When you reach the records below, repeat each one exactly as written.

Start of RECORDS TO USE

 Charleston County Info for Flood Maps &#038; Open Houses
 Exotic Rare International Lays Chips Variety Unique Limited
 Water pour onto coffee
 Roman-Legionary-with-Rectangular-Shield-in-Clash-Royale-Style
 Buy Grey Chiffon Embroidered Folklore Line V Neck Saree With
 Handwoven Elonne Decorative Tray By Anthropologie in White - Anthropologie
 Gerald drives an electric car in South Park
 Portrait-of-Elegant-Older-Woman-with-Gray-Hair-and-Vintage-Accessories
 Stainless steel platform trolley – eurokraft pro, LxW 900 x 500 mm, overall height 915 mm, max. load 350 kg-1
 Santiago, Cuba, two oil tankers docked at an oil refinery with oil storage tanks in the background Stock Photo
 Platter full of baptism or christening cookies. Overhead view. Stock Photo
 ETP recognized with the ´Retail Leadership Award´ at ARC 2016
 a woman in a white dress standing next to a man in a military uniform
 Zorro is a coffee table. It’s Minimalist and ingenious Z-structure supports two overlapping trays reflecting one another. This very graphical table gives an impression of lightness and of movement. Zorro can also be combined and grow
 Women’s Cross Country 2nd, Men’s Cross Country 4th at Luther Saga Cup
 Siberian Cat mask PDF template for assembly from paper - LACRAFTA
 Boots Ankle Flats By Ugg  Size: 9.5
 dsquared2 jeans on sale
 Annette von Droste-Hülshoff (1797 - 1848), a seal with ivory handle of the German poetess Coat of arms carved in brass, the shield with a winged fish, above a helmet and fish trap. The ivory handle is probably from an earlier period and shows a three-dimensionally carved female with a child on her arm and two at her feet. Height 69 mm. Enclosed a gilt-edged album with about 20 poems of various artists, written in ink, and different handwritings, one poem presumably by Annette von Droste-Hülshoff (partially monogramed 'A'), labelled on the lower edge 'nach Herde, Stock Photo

End of RECORDS TO USE

• [EXERCISE OUTPUT]
 Charleston County Info for Flood Maps &#038; Open Houses
 Exotic Rare International Lays Chips Variety Unique Limited
 Water pour onto coffee
 Roman-Legionary-with-Rectangular-Shield-in-Clash-Royale-Style
 Buy Grey Chiffon Embroidered Folklore Line V Neck Saree With
 Handwoven Elonne Decorative Tray By Anthropologie in White - Anthropologie
 Gerald drives an electric car in South Park
 Portrait-of-Elegant-Older-Woman-with-Gray-Hair-and-Vintage-Accessories
 Stainless steel platform trolley – eurokraft pro, LxW 900 x 500 mm, overall height 915 mm, max. load 350 kg-1
 Santiago, Cuba, two oil tankers docked at an oil refinery with oil storage tanks in the background Stock Photo
 Platter full of baptism or christening cookies. Overhead view. Stock Photo
 ETP recognized with the ´Retail Leadership Award´ at ARC 2016
 a woman in a white dress standing next to a man in a military uniform
 Zorro is a coffee table. It’s Minimalist and ingenious Z-structure supports two overlapping trays reflecting one another. This very graphical table gives an impression of lightness and of movement. Zorro can also be combined and grow
 Women’s Cross Country 2nd, Men’s Cross Country 4th at Luther Saga Cup
 Siberian Cat mask PDF template for assembly from paper - LACRAFTA
 Boots Ankle Flats By Ugg  Size: 9.5
 dsquared2 jeans on sale
 Annette von Droste-Hülshoff (1797 - 1848), a seal with ivory handle of the German poetess Coat of arms carved in brass, the shield with a winged fish, above a helmet and fish trap. The ivory handle is probably from an earlier period and shows a three-dimensionally carved female with a child on her arm and two at her feet. Height 69 mm. Enclosed a gilt-edged album with about 20 poems of various artists, written in ink, and different handwritings, one poem presumably by Annette von Droste-Hülshoff (partially monogramed 'A'), labelled on the lower edge 'nach Herde, Stock Photo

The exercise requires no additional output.